Records to use below:

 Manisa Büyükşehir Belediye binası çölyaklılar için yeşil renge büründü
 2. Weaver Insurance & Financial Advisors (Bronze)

End of Records to use.
Records to use below:

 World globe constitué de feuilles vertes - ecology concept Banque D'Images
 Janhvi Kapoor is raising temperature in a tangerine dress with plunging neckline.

End of Records to use.
Records to use below:

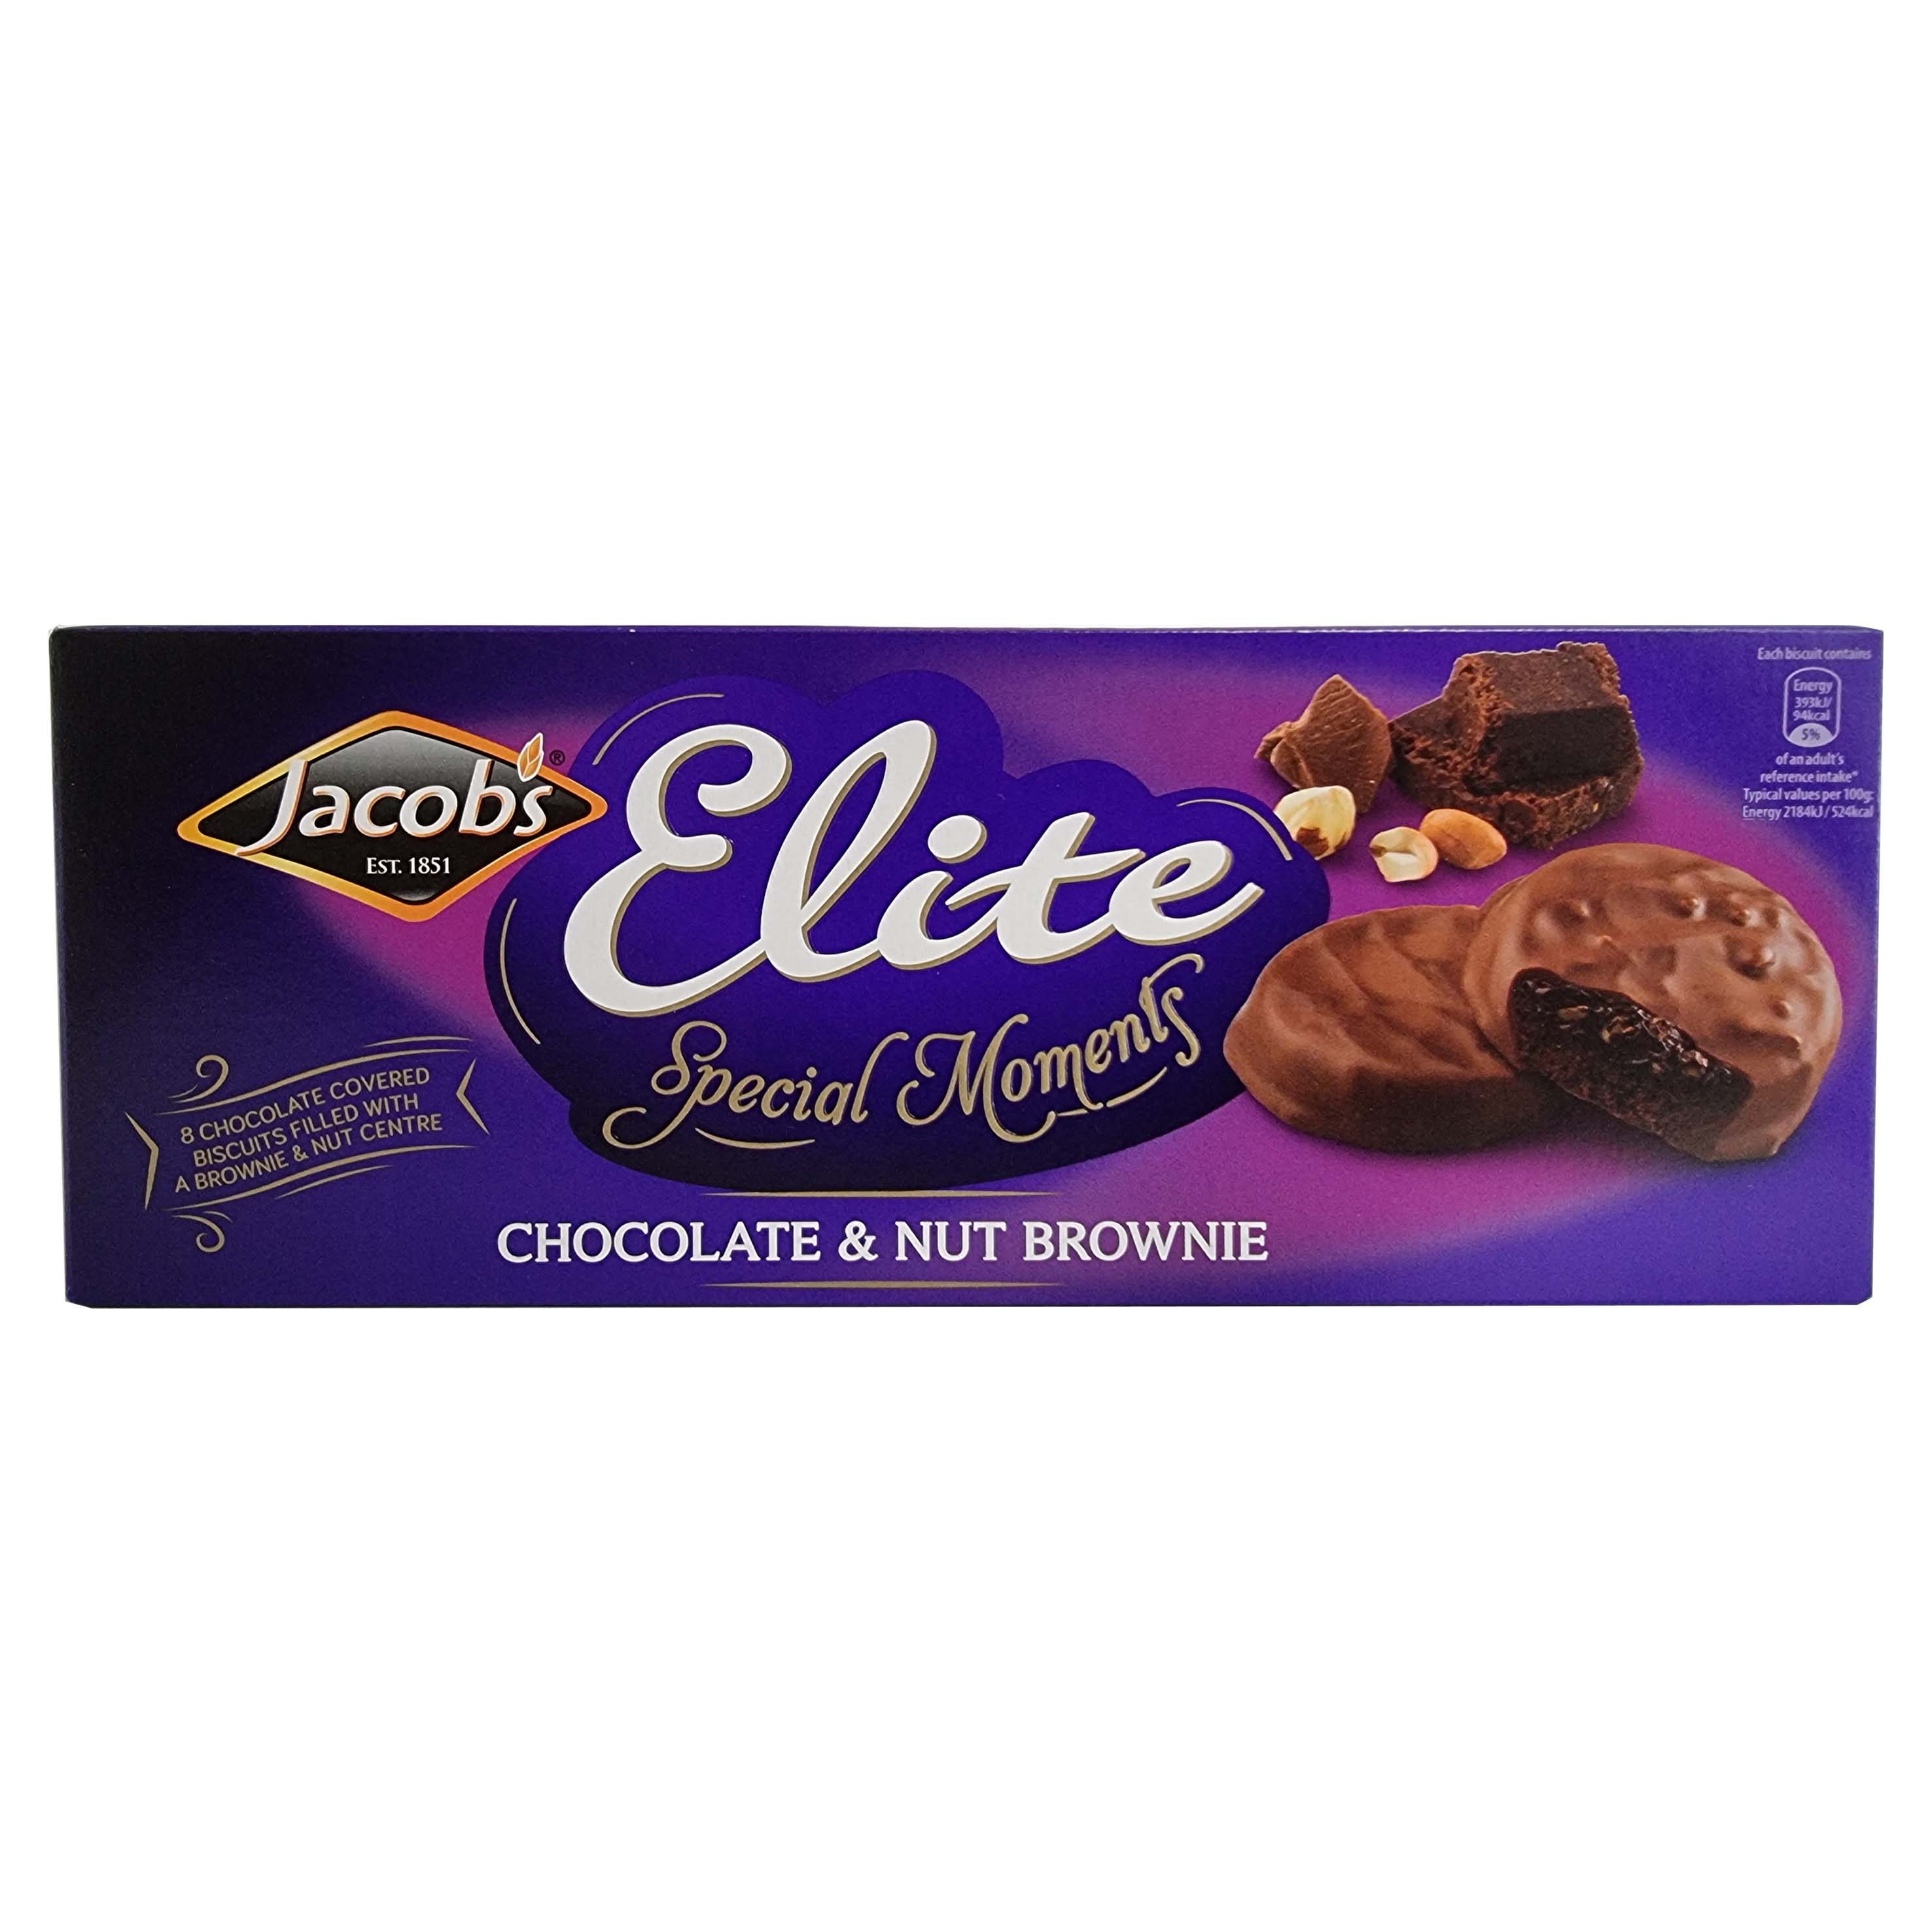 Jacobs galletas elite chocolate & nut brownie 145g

End of Records to use.

Transcribe the lines above between the line holding "World globe constitué" and the line holding "Janhvi Kapoor is", inclusive, exactly as they stand and with nothing added.

 World globe constitué de feuilles vertes - ecology concept Banque D'Images
 Janhvi Kapoor is raising temperature in a tangerine dress with plunging neckline.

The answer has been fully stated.